Feel free (particularly if you or someone else has tested the instructions!)

gcobb ( 2016-08-02 00:56:04 +0300 )edit

I wrote it myself but in general just the same but one line of yours, I will copy it upstairs then with a link to your answer ;)

chemist ( 2016-08-03 14:11:11 +0300 )edit

Hey guys,

After 2 weeks mutiple trys I still have the same problem that my jolla phone recognizes my sdcard, but it does'nt save any android data on it and android app don't show the sd card space. I worked with gcobb's solution but it still doesn't work.

I'm using Aurajoki 2.0.2.51 and first generation Jolla Phone 1.0.0.13 and I don't know which Android Version is simulated by the Jolla Android Support.

Strangley after serval times of trying gcobb's solutions I have now 2 folders on my SD card both with a different UUID!

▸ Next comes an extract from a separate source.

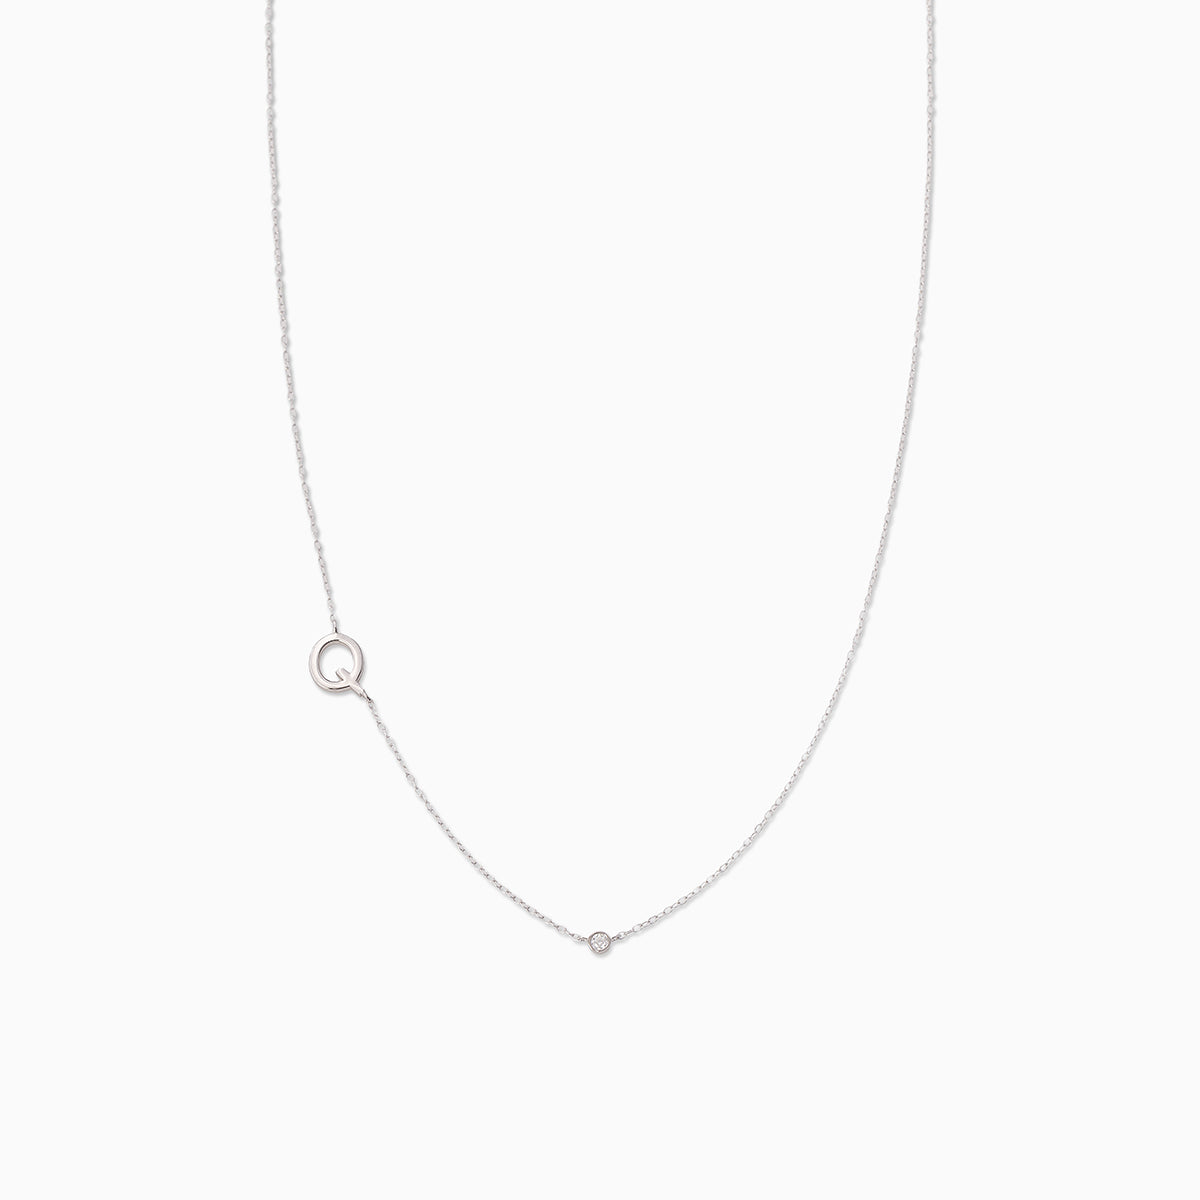 Personalized Touch Necklace | Sterling Silver Q | Product Image | Uncommon James

I need some new input and help, please!

Quermitschi ( 2016-10-19 18:23:40 +0300 )edit

@Quermitschi: Android apps and data have two main locations on Sailfish OS (release 2.0.5). One is /home/nemo/android_storage and the other /home/.android.
Bind mapping proposed by chemist and gcobb here concern directory /home/nemo/android_storage. With that approach some big junks of data like map tiles (of Here WeGo, etc.) can be moved and added to the SD card and used from there. Very good. However, Android apps themselves and their data reside under /home/.android. For instance, the game of Clash of Clans has nothing under /home/nemo/android_storage (afaics). No, both the apk and the game data are under the tree of /home/.android.
I wonder if a similar bind mapping of /home/.android (or of an appropriate subdir, e.g. /home/.android/data/data) would make it possible to collect the app data to the memory card. It would be interesting to know. Making this work fluently and reliably would probably need more insight to Alien Dalvik.

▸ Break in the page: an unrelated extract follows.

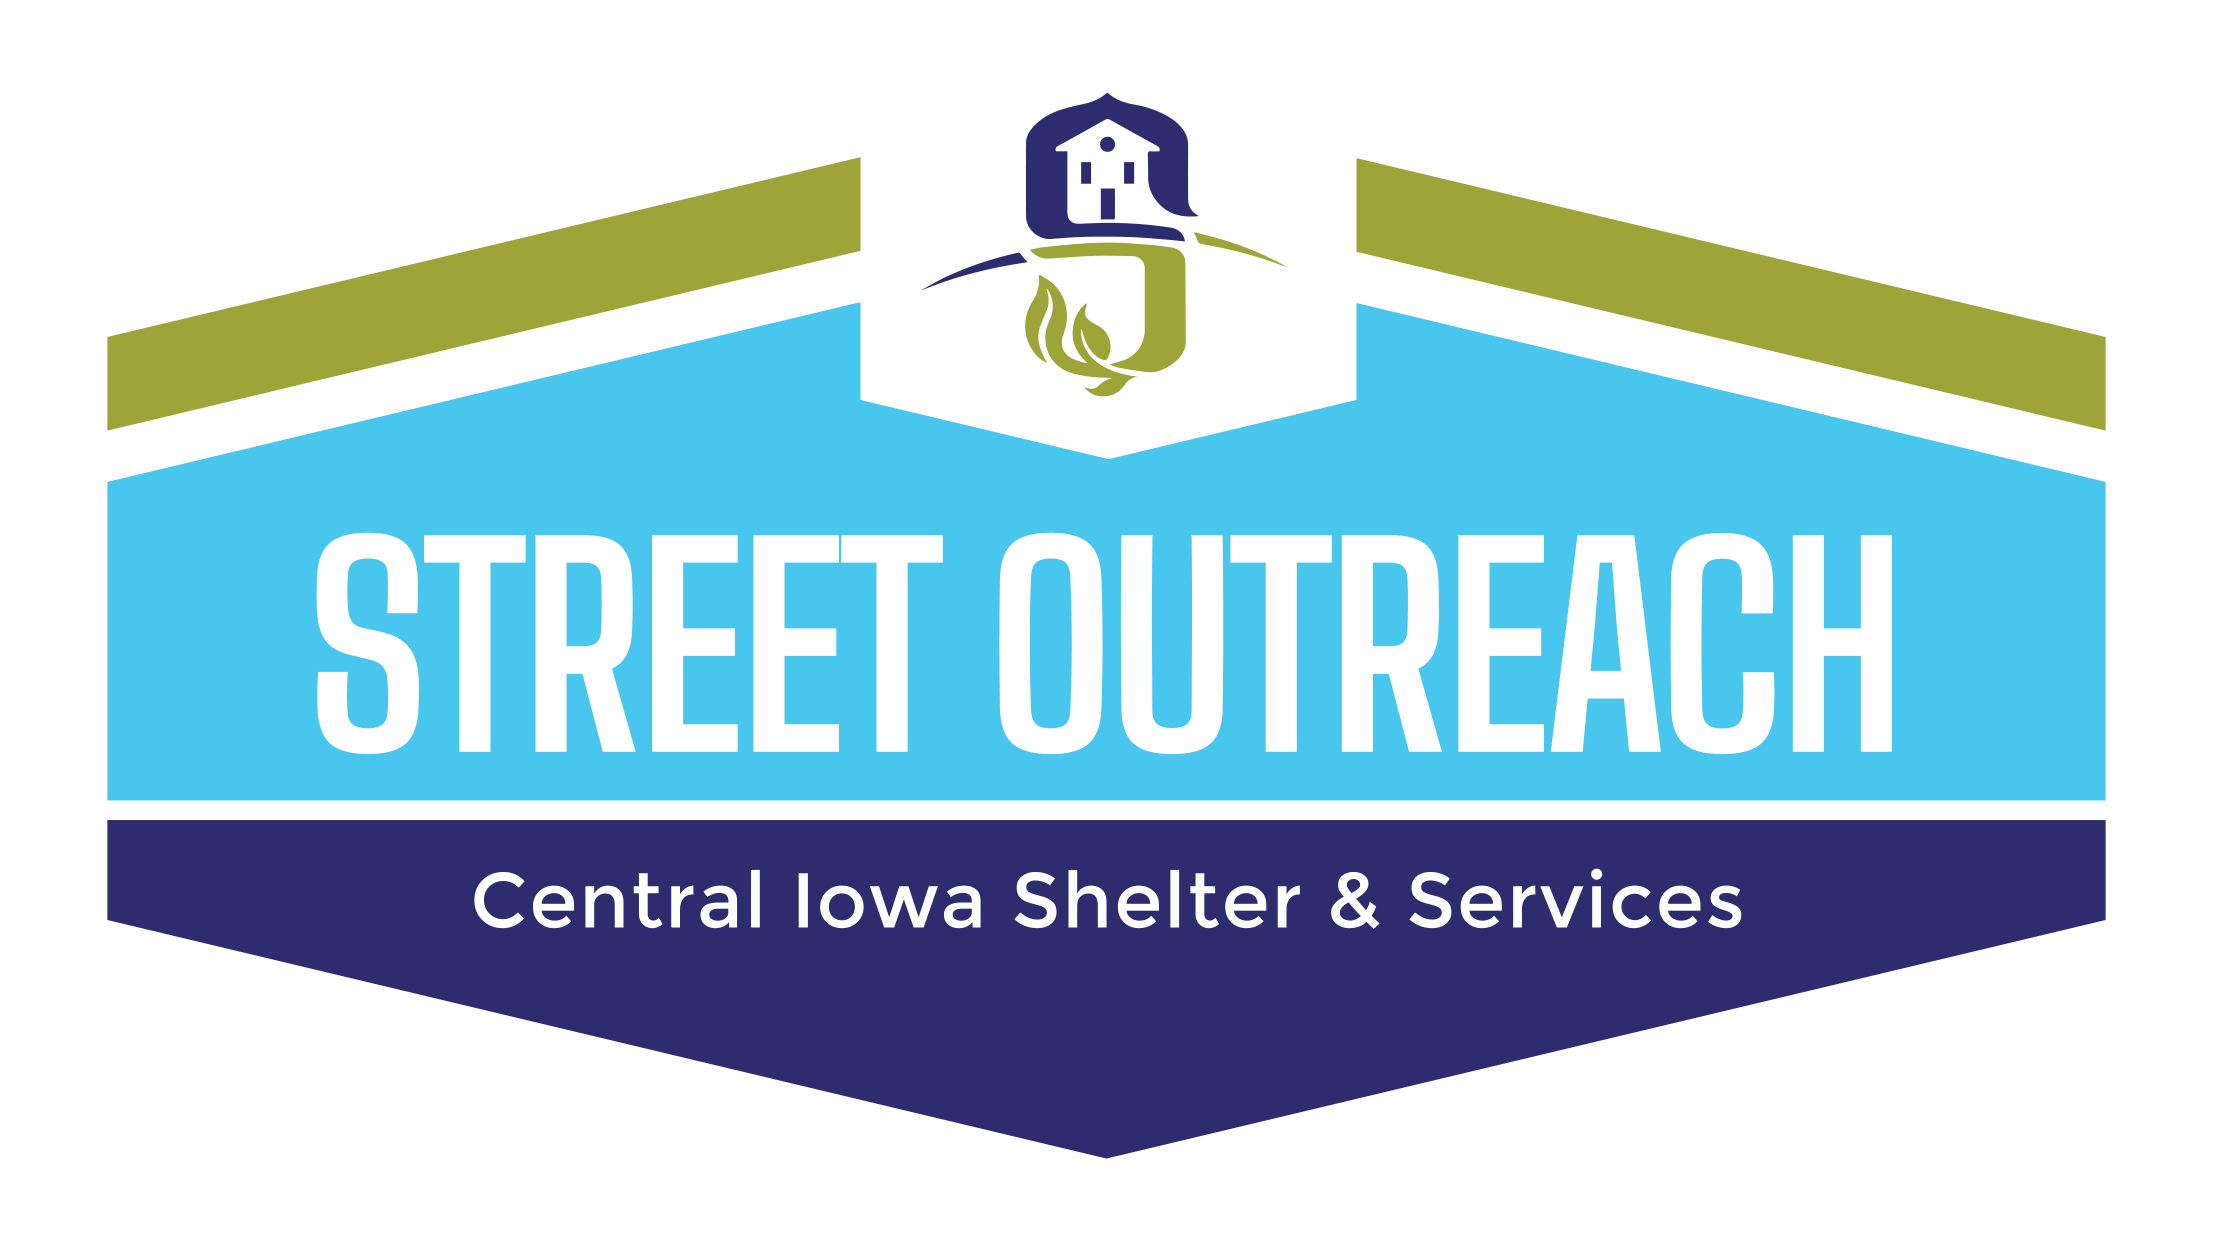 Link to Street Outreach service page

jovirkku ( 2016-11-22 17:06:07 +0300 )edit
4

answered 2014-06-12 19:39:58 +0300

Vuubi gravatar image

This is how you can make chemist's version of systemd service unit (androidsdcard.service) into systemd mount unit.

First, create /etc/systemd/system/data-media.mount file:

[Unit]
Description=SD card btrfs subvolume for Android
ConditionPathExists=/dev/mmcblk1
ConditionPathIsDirectory=/data/media
Requires=local-fs.target
Before=aliendalvik.service
After=local-fs.target mount-sd@mmcblk1.service
BindsTo=mount-sd@mmcblk1.service

[Mount]
What=/dev/mmcblk1
Where=/data/media
Options=subvol=android,compress,dirsync,noatime,users

[Install]
WantedBy=local-fs.target aliendalvik.service

Second, create /etc/systemd/system/aliendalvik.service.d/sdcard.conf file:

[Unit] 
PartOf=data-media.mount

Then run systemctl enable data-media.mount (androidsdcard.service must be disabled before that).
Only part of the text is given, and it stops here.